• Dataset extract:
.....
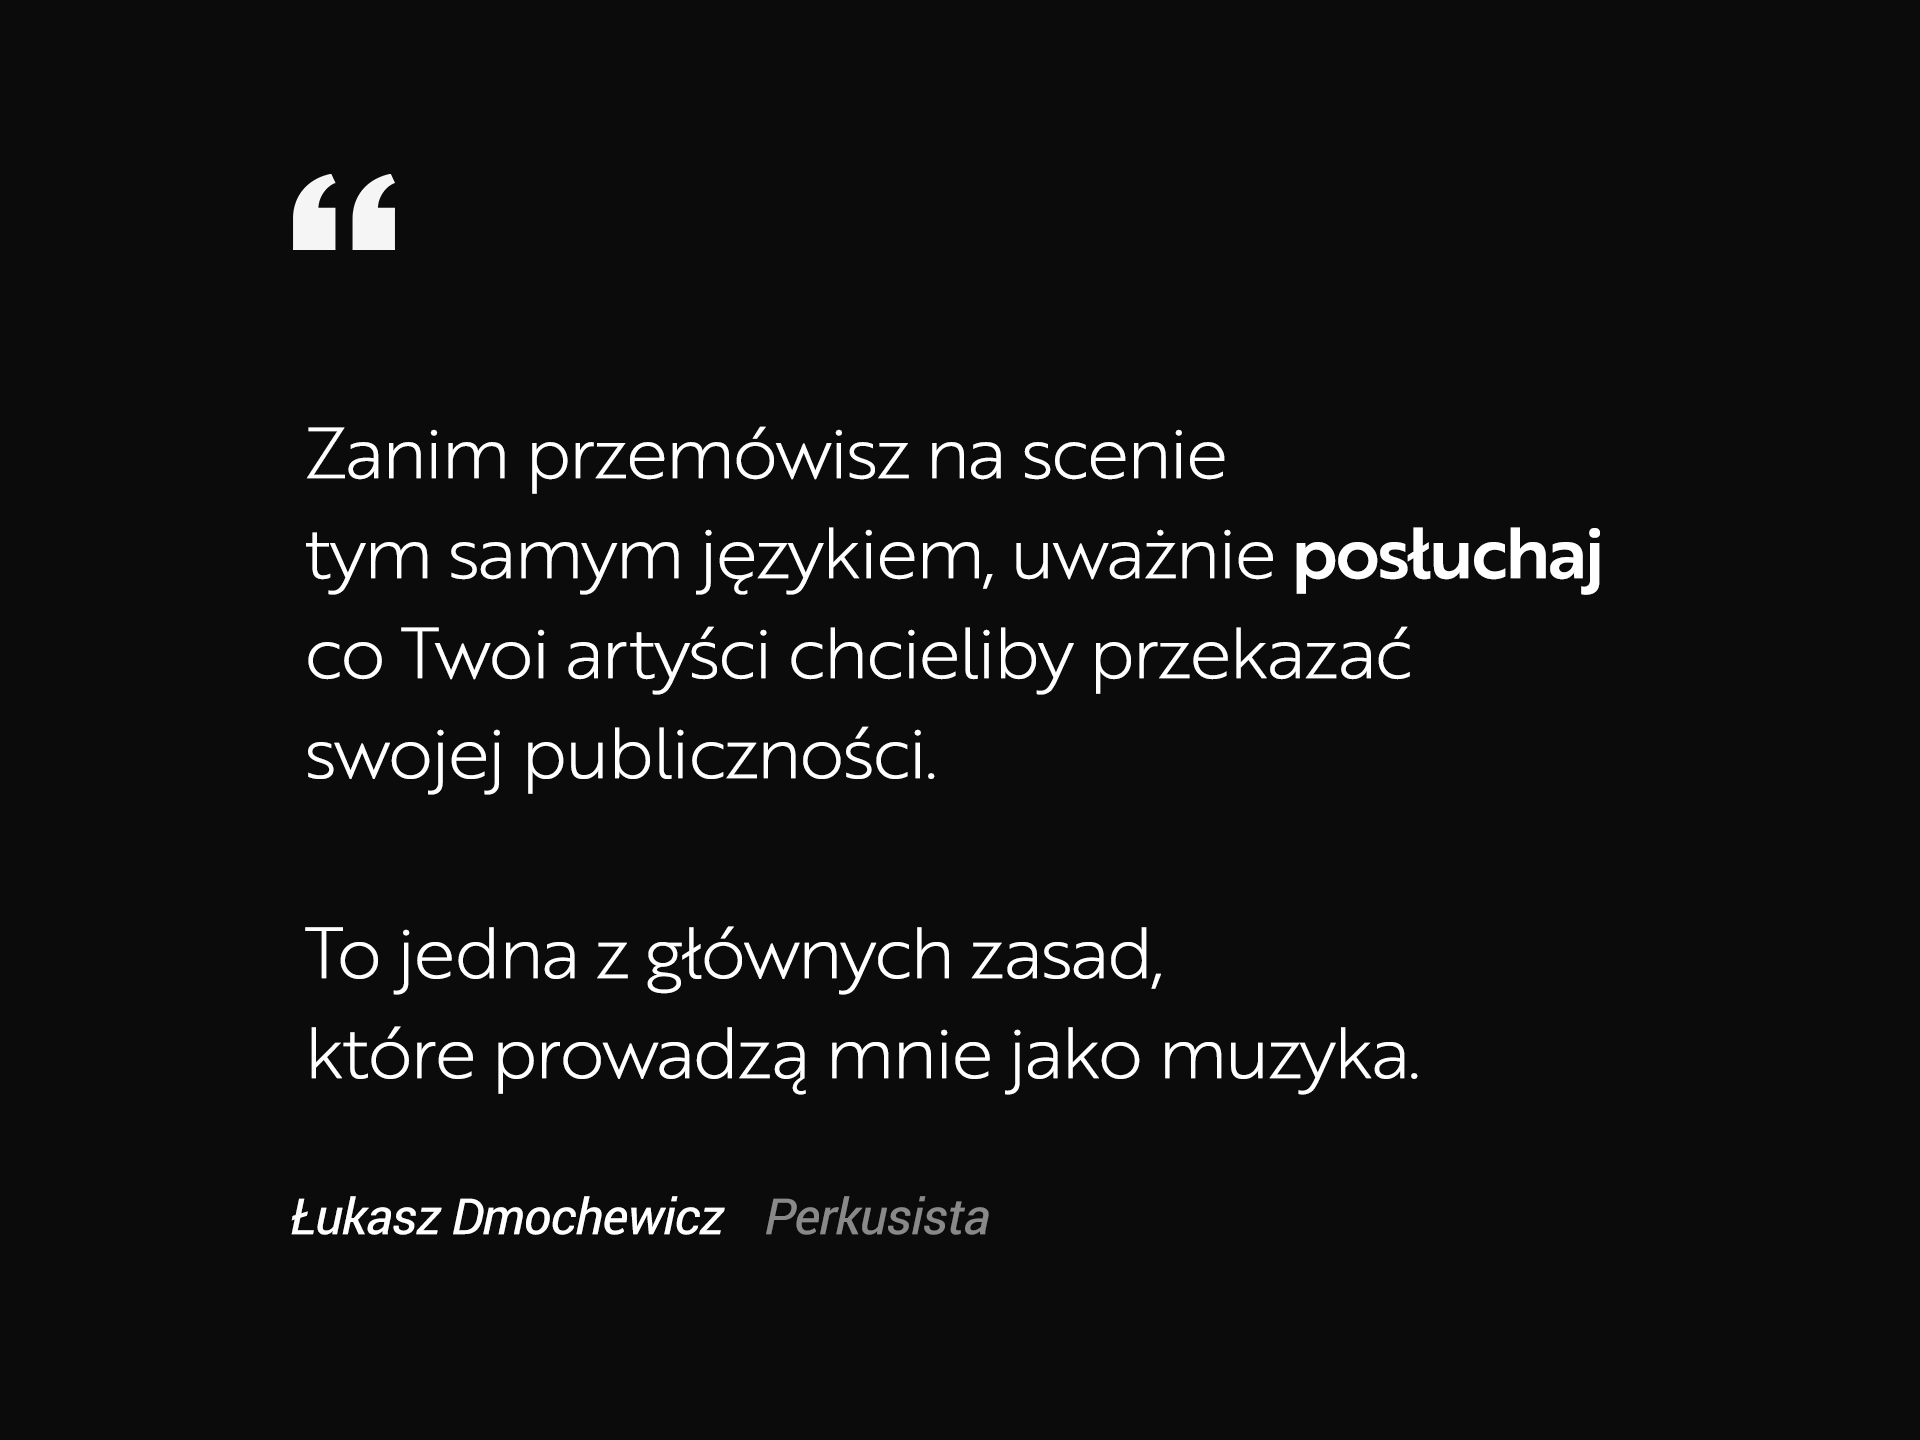 Dmochewicz
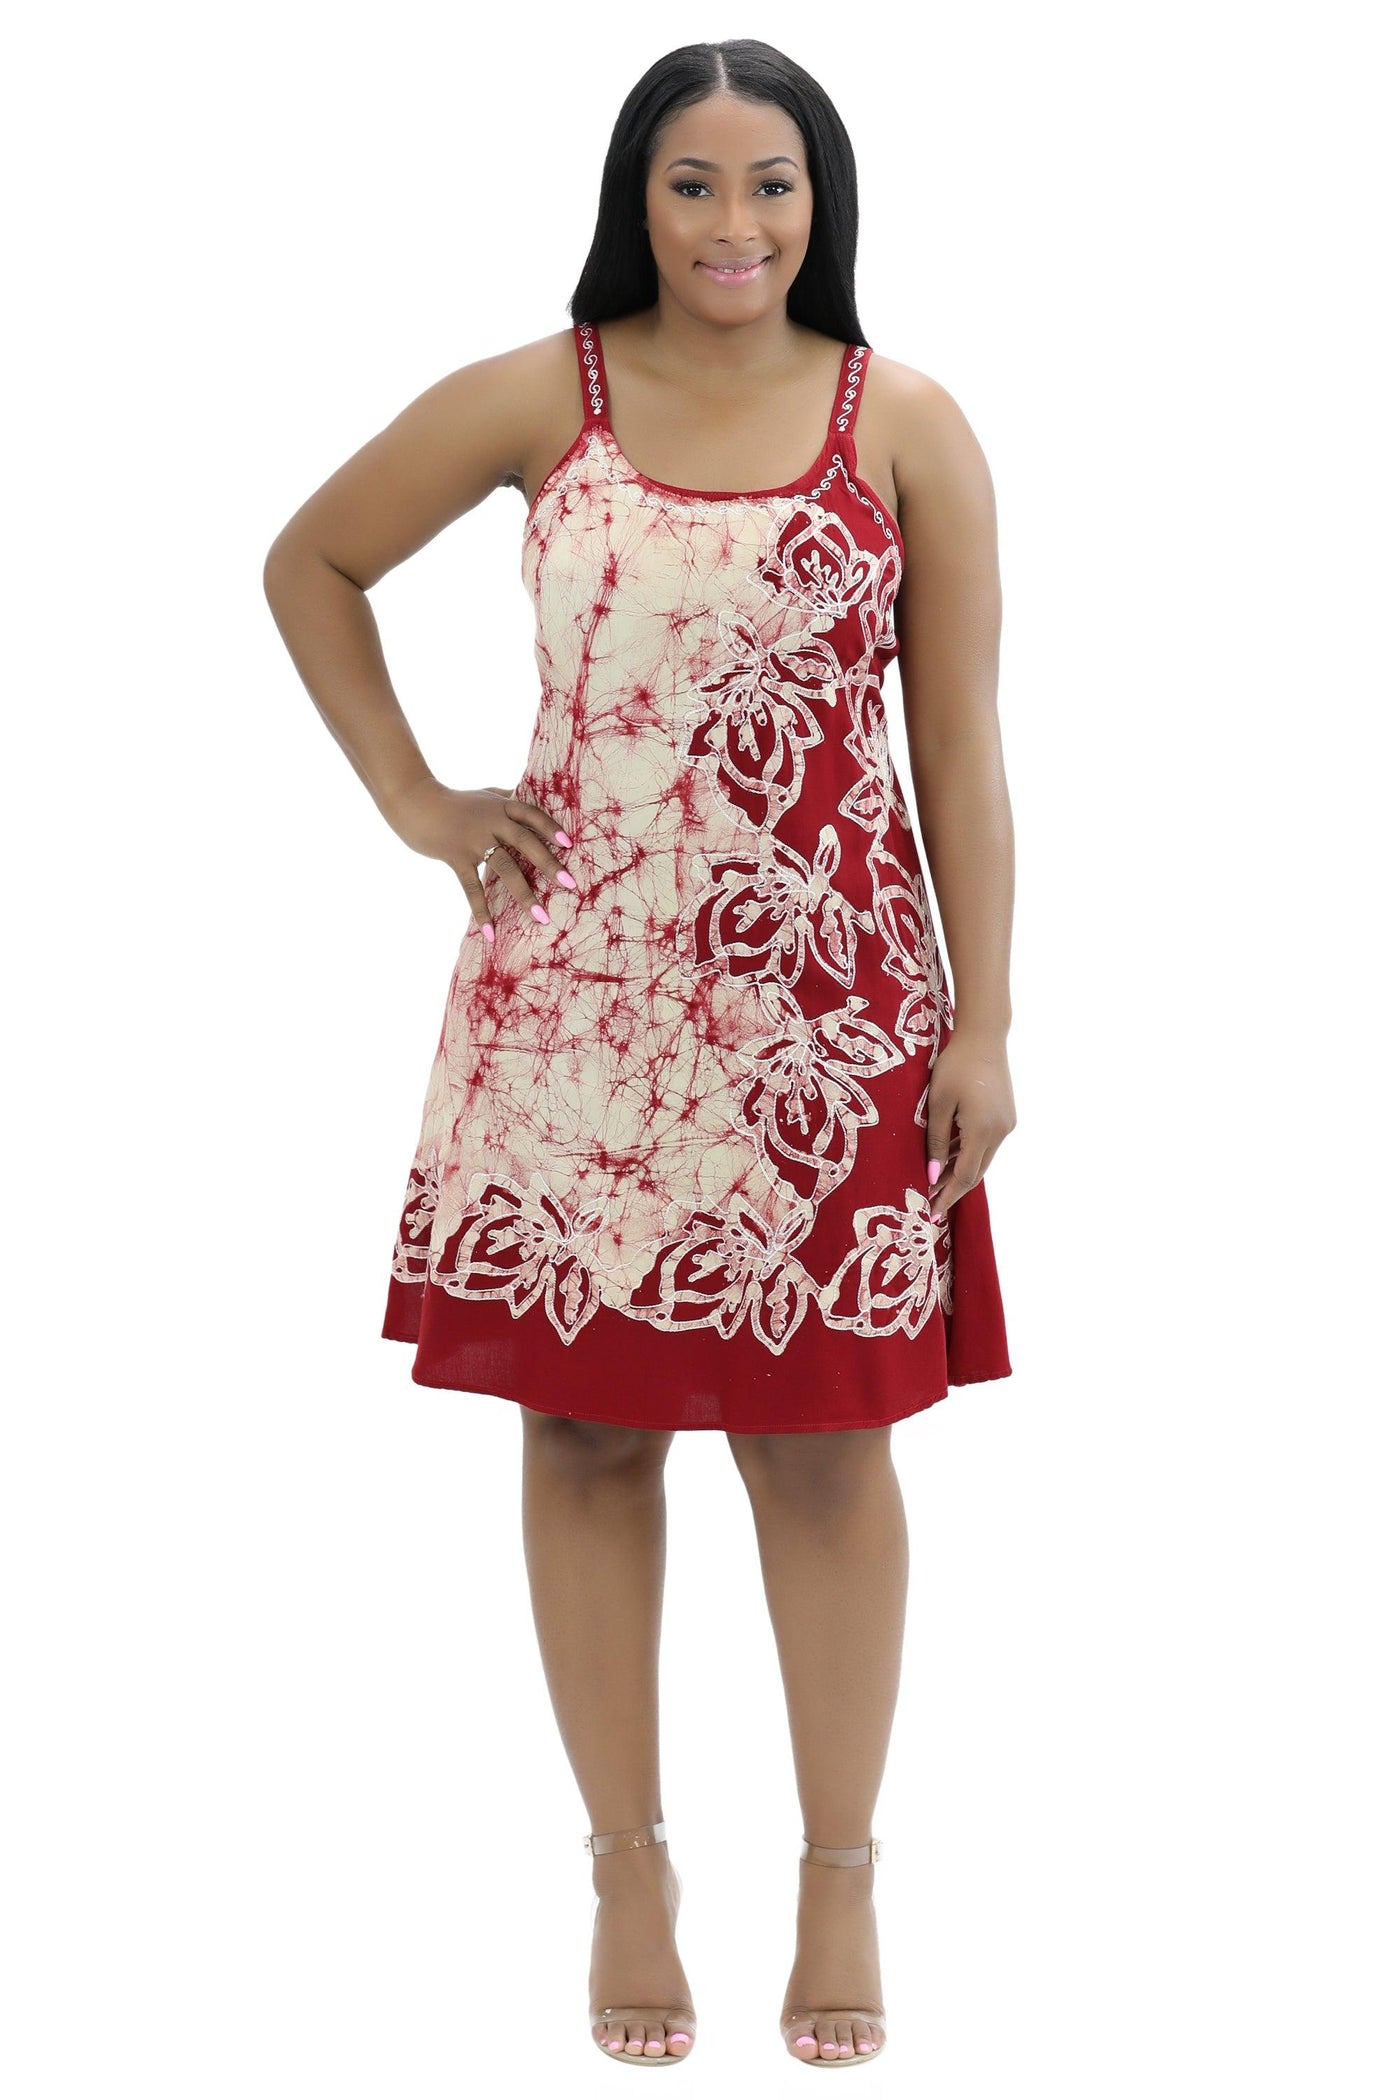 Batik Block Print Dress 54A-BATIK
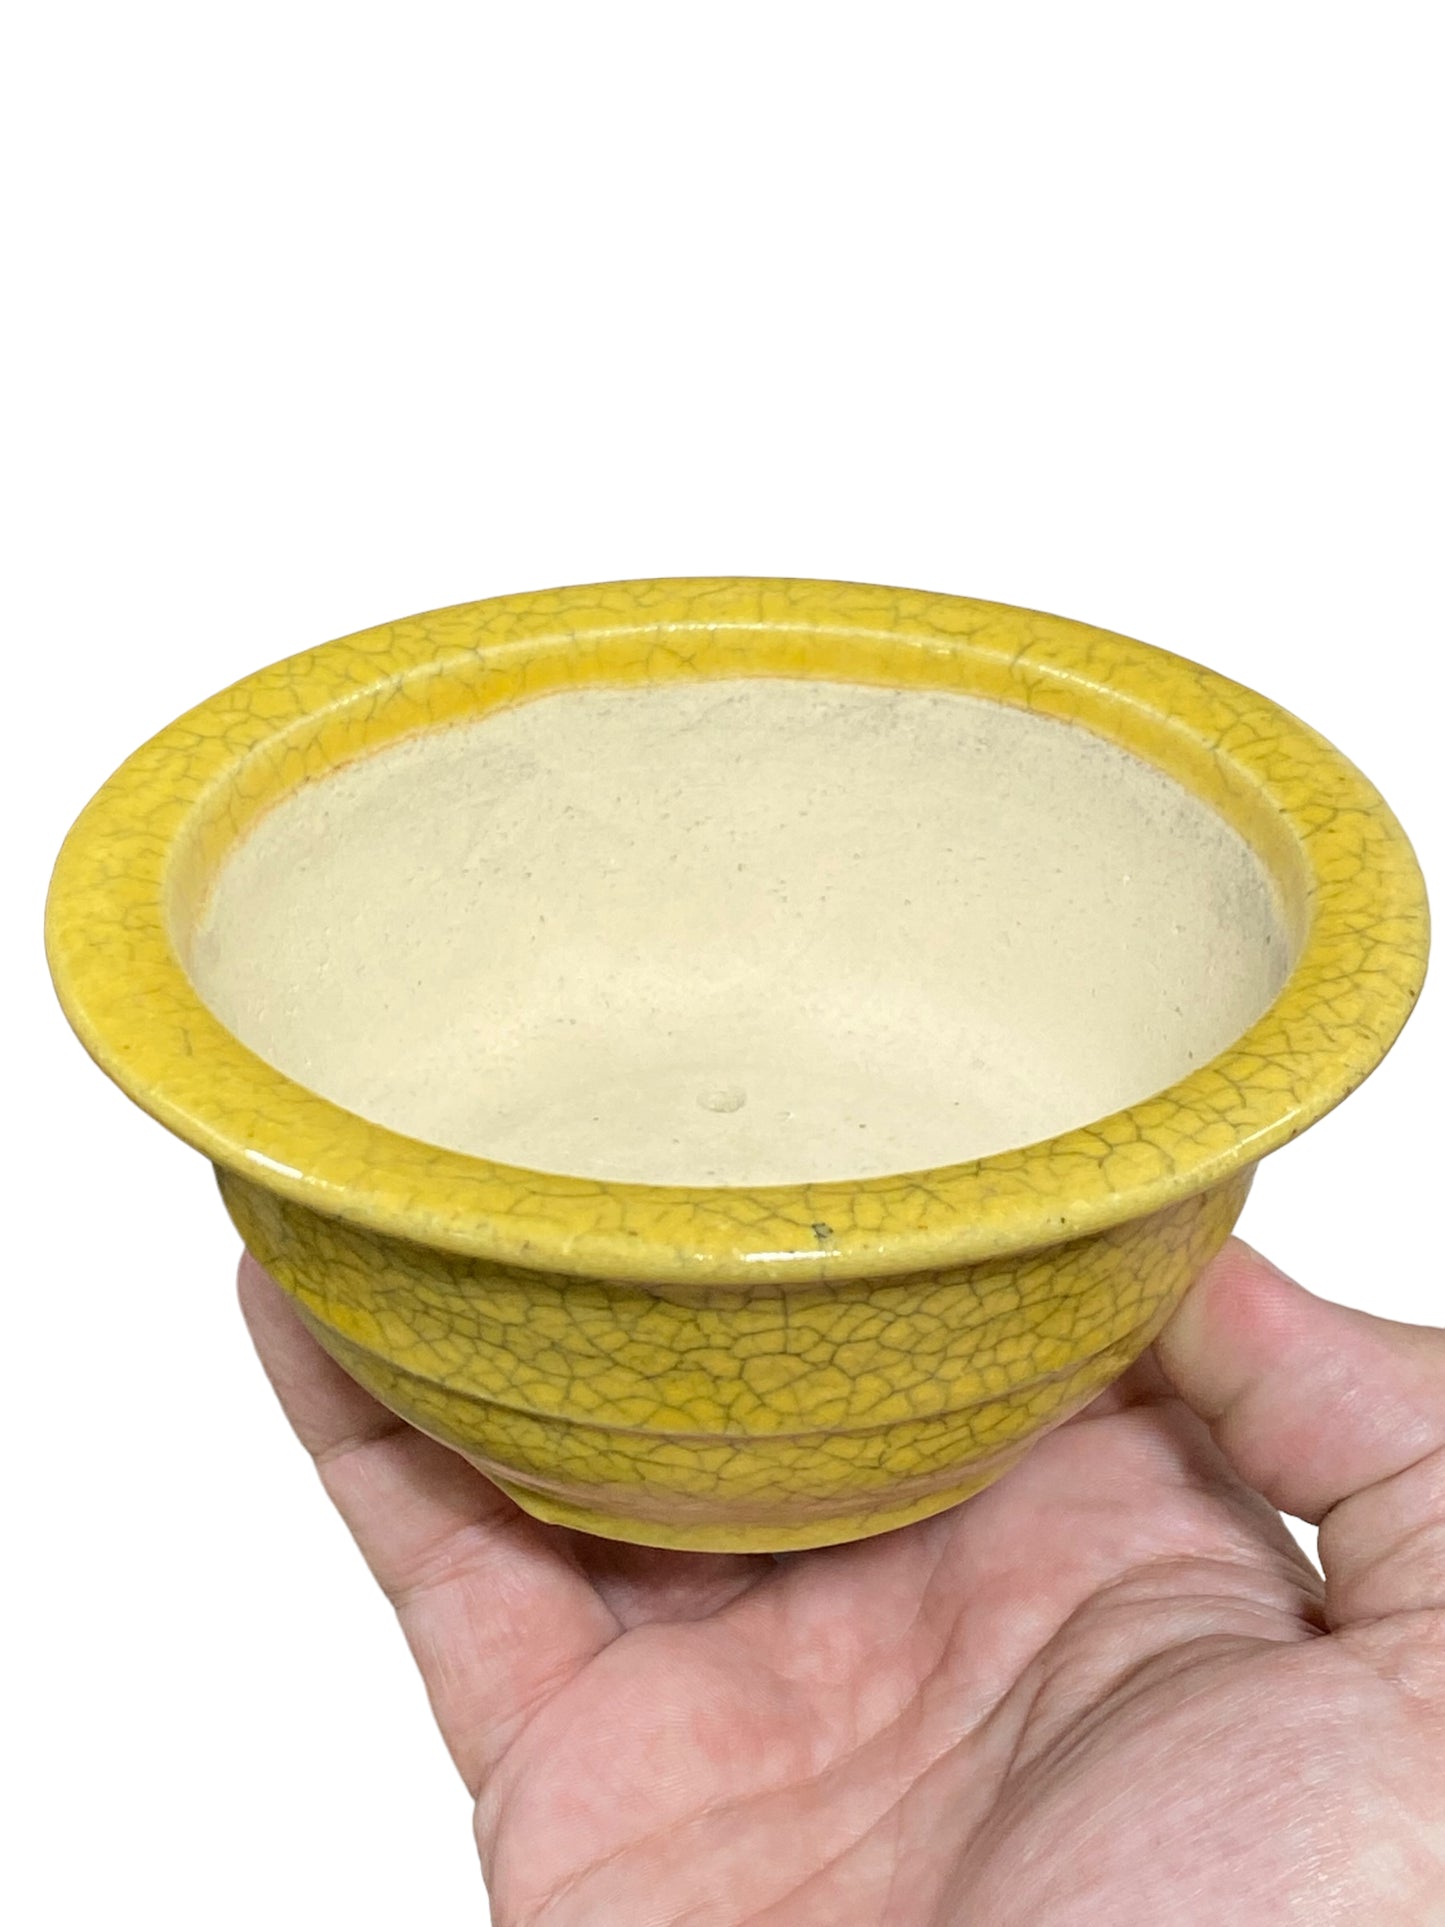 Koyo - Yellow Crackle Glazed Bowl Bonsai Pot
.....
• Task goal: Leave the pictures out, and please copy only the lines from the one with "Batik Block Print Dress 54A-BATIK" through the end of the listing.

• Answer space:
 Batik Block Print Dress 54A-BATIK
 Koyo - Yellow Crackle Glazed Bowl Bonsai Pot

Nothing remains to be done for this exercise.